Günümüzün genç ve sıkı şairlerinden Enes Kılıç şöyle yazmış: “Tarafını seç” oyunu bittiyse ailemize ve kalan birkaç dostumuza dönelim tekrar. Bize kalan Türkiye bu kadar işte...
Sosyal medyanın en sağlam adamlarından biri olan Said Ercan kardeşim de şöyle yazmış: Seçim vesilesiyle muhalif kardeşlerim bana haklarını helal etsinler. Seçim dışında bir sürü ortak noktamız var. Ortak noktamızı yüceltmeye devam edelim.
“Elinin emeğinden başkasına” inanmayan babam, personel servisini yaptığı hastanenin ağır CHP’li çalışanına şöyle demiş seçimden önceki cuma: Pazartesi ikimiz de beş buçukta kalkacağız, ben araba süreceğim, sen önlüğünü giyeceksin. Başka hikâyemiz mi var?
Biri yirmili, biri otuzlu, biri de altmışlı yıllarında üç insanın bu üç tepkisini yan yana koyunca anlıyorum ki “gündelik politikanın sersemleştirici dili” bizi teslim alamıyor hala. Bu güzel, bu umut verici…

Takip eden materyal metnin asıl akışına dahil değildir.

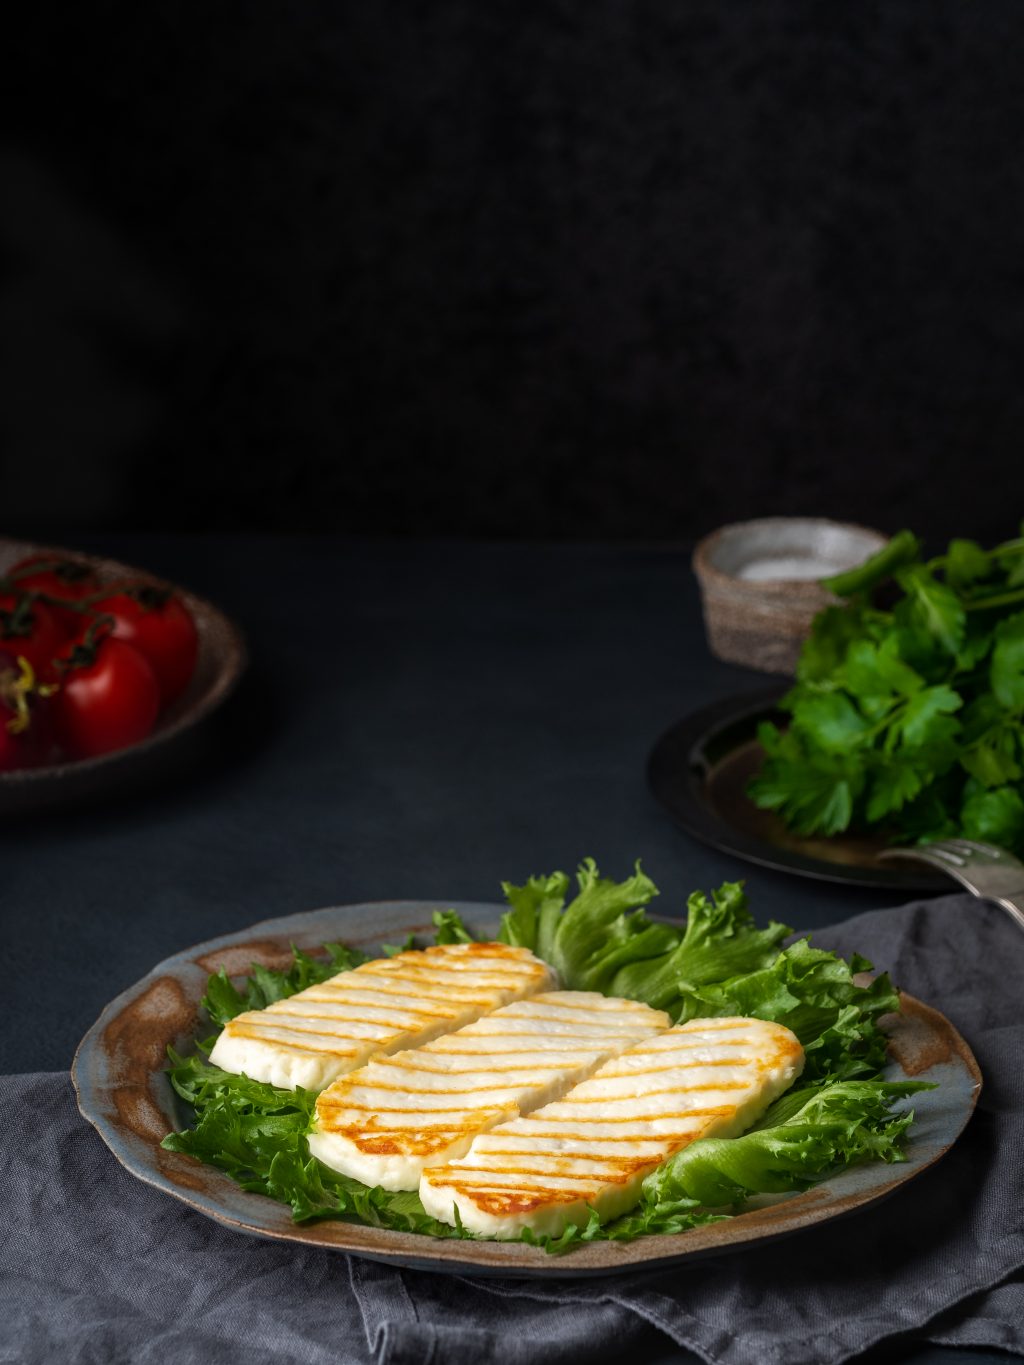 Grilled Halloumi, fried cheese with lettuce salad. Balanced diet on dark

Kendime de birkaç çift laf edeyim. Sürekli, gündelik politikanın uzağında, büyük ve değişmez siyasetin yanında durmam gerektiğini salık veriyorum kendime. Ama ne oluyor, nasıl oluyorsa Türkiye her seçimde beni gündelik politikanın tam içine, tam kalbine doğru çekiyor ve kendimi bir adayın, bir partinin kazanması için uğraş verirken buluyorum.
Üstelik gündelik politikanın dili o kadar çiğ, o kadar vasat ki… O çiğlikten, o vasatlıktan kaçmanın, saklanmanın imkânı yok. Ve hayır, herhangi bir politik tarafın diğer politik taraftan gram, hatta zerre farkı yok söz konusu gündelik politika dilinin çiğliği olunca.